*TO DO:*
Once you find the line containing "Tumblr Zimmer, Schlichte", set down exactly that line and every one after it through the end of the listing below, with both ends included and any pictures omitted.

*DATA SHOWN:*
------------
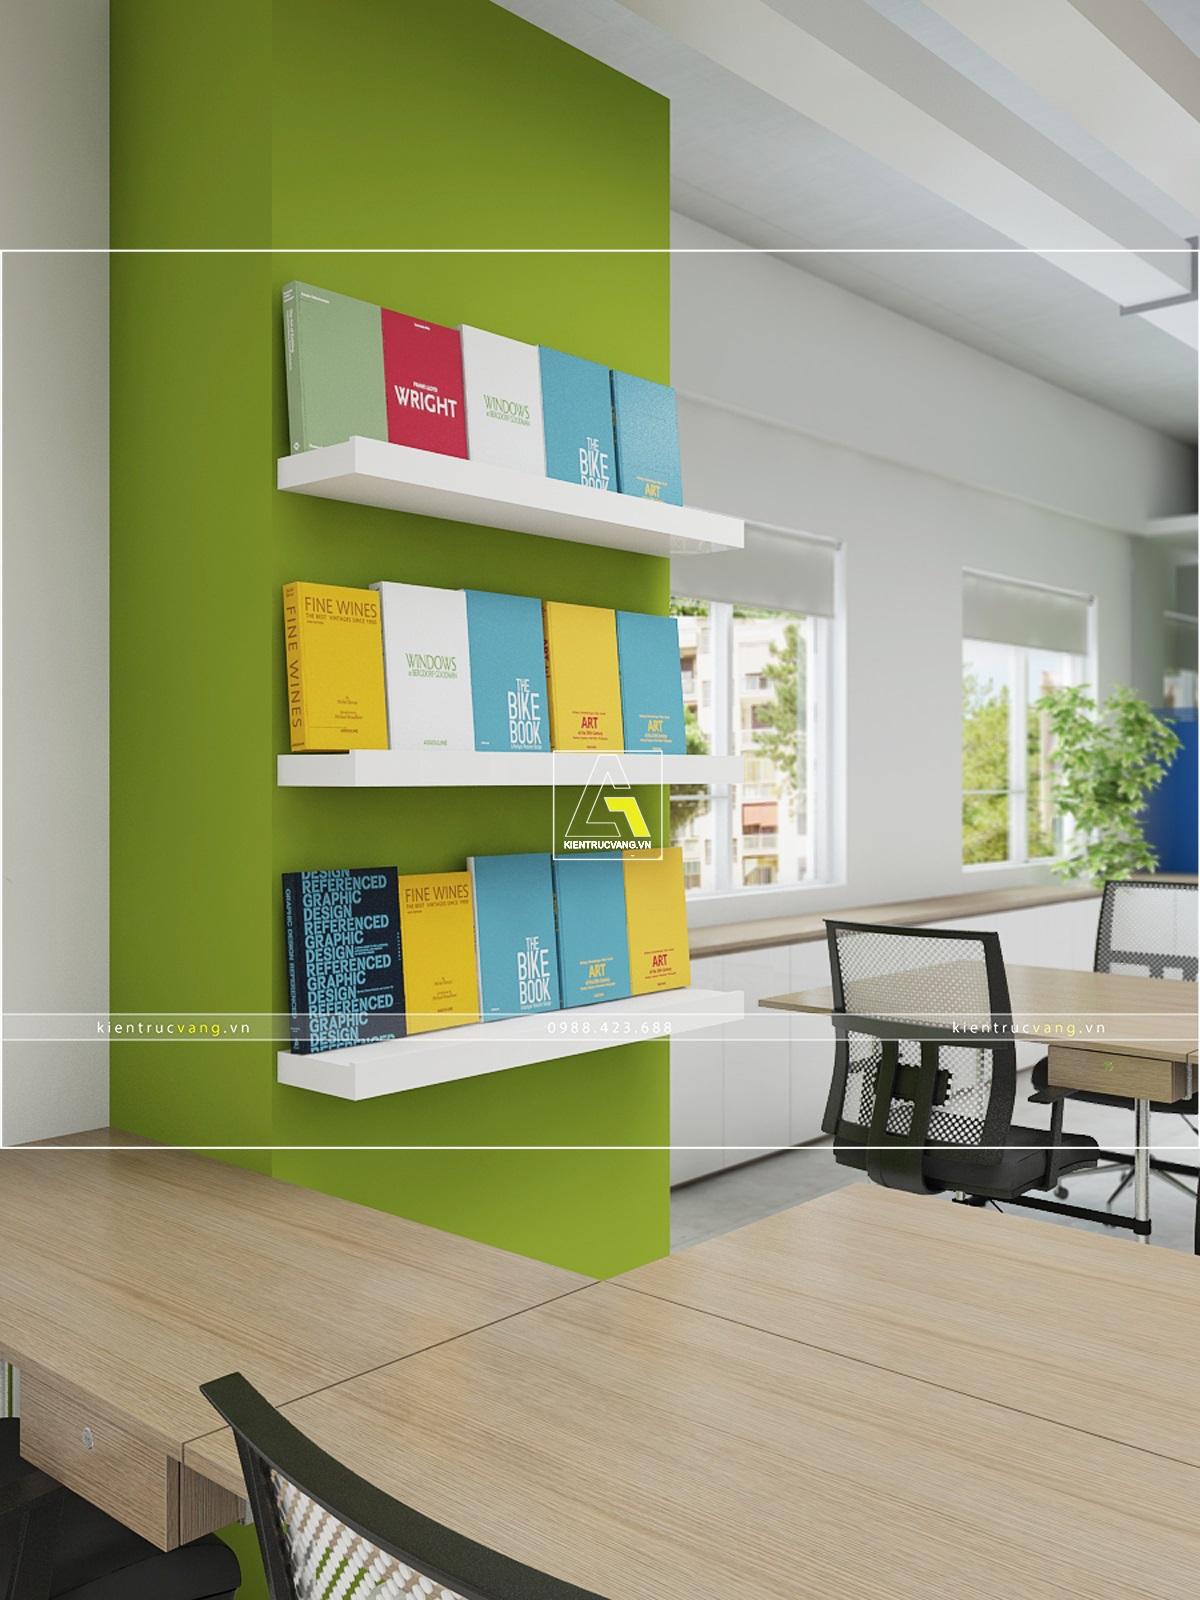 thiết kế nội thất Văn Phòng tại Hà Nội Thiết kế nội thất văn phòng VTC Mobile Hà Nội 31 1530872966
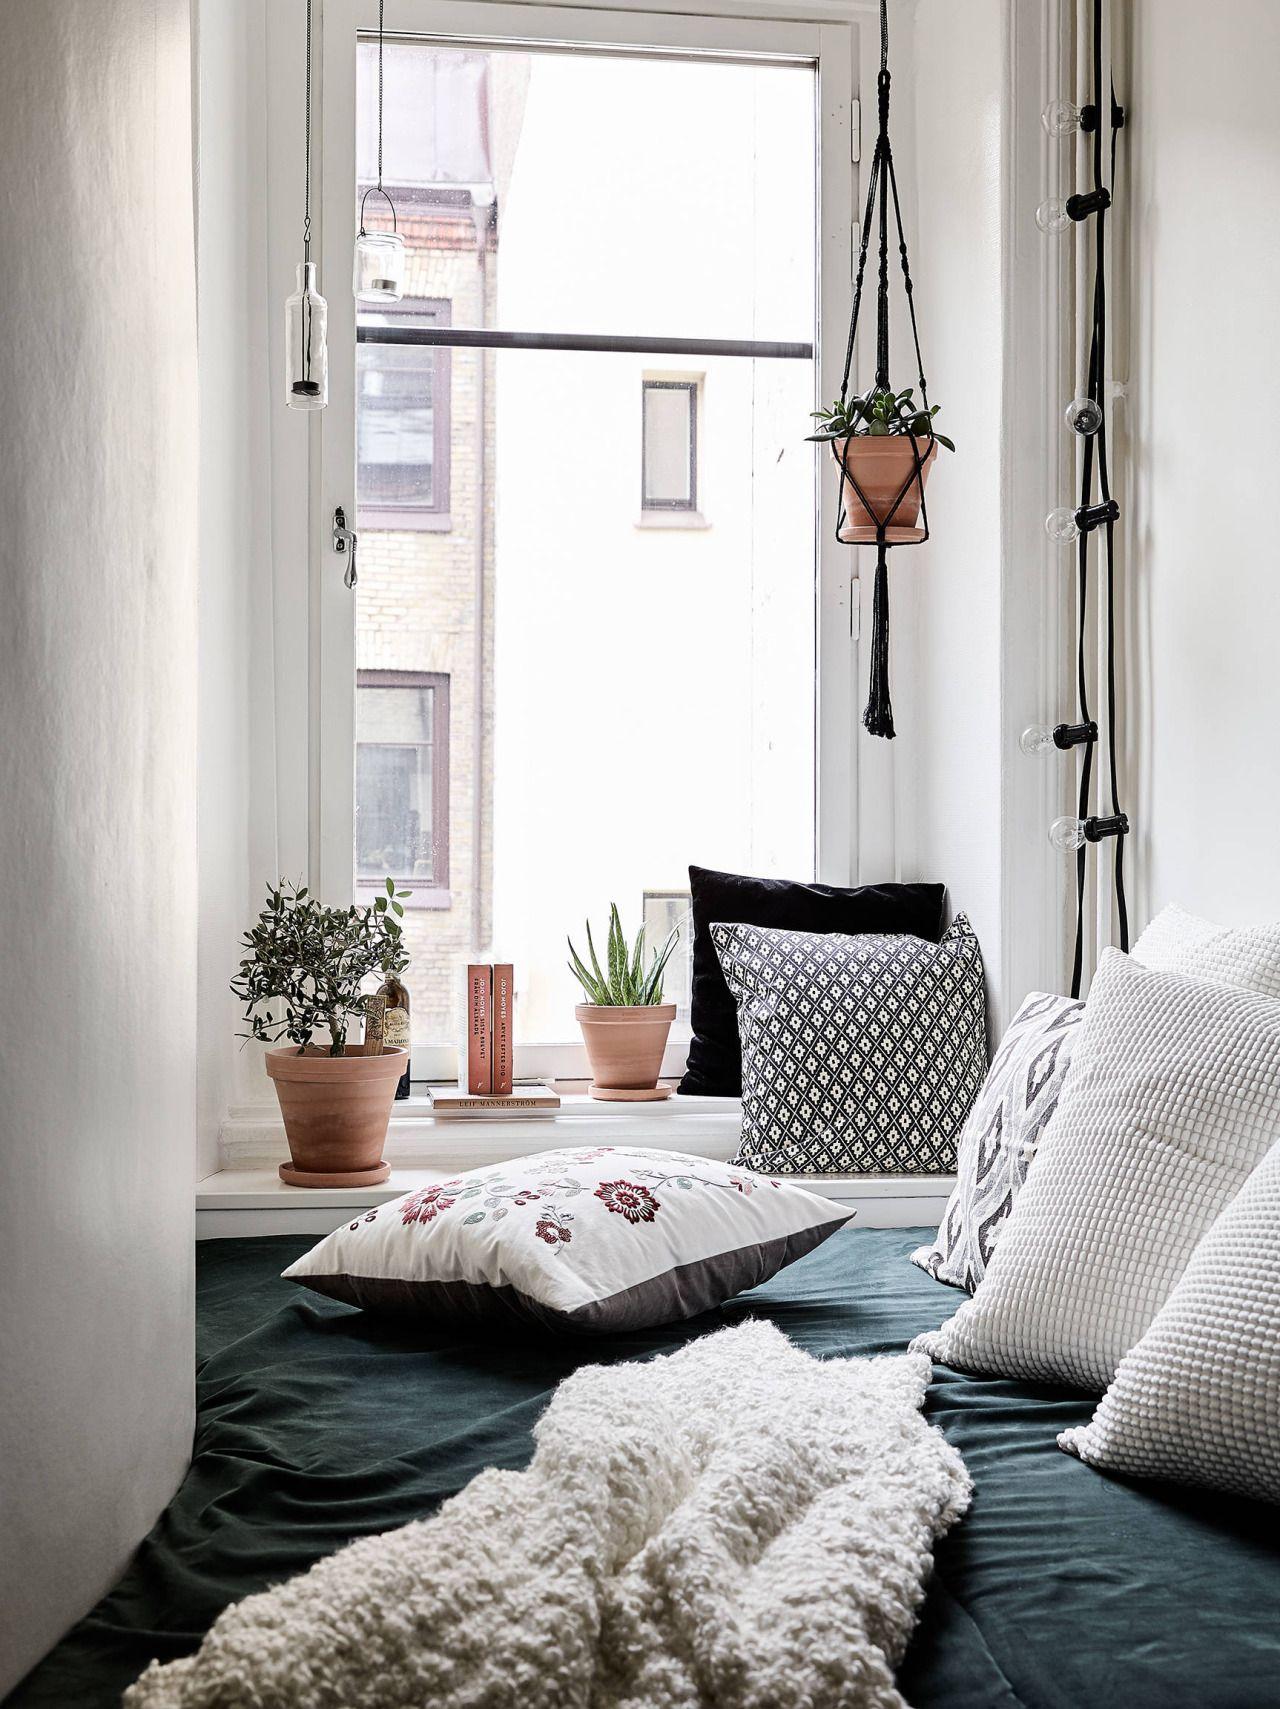 Tumblr Zimmer, Schlichte Schlafzimmer, Kleine Schlafzimmer,  Hauptschlafzimmer, Gemütliche Ecke, Vintage Häuser, Fenstersitze,  Traumzimmer, Zukünftiges Haus
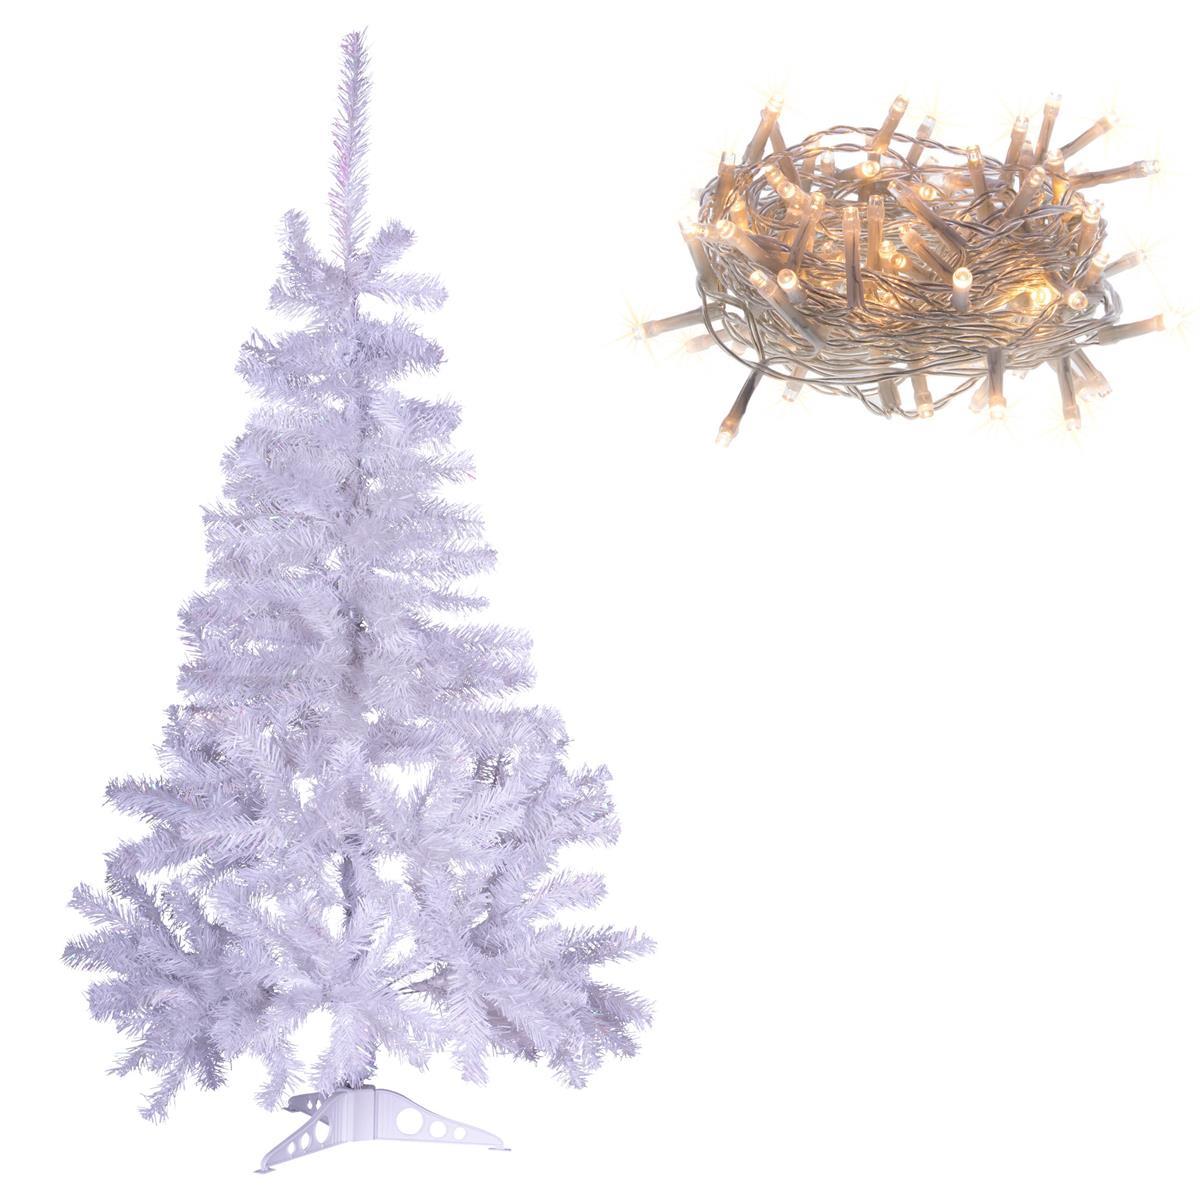 Weihnachtsbaum Aufbauen.Weihnachtsbaum Weiß Mit Glitzereffekt 120 Cm Mit Ständer 100 Led
------------
*SOLUTION FOR THIS TASK:*
 Tumblr Zimmer, Schlichte Schlafzimmer, Kleine Schlafzimmer,  Hauptschlafzimmer, Gemütliche Ecke, Vintage Häuser, Fenstersitze,  Traumzimmer, Zukünftiges Haus
 Weihnachtsbaum Aufbauen.Weihnachtsbaum Weiß Mit Glitzereffekt 120 Cm Mit Ständer 100 Led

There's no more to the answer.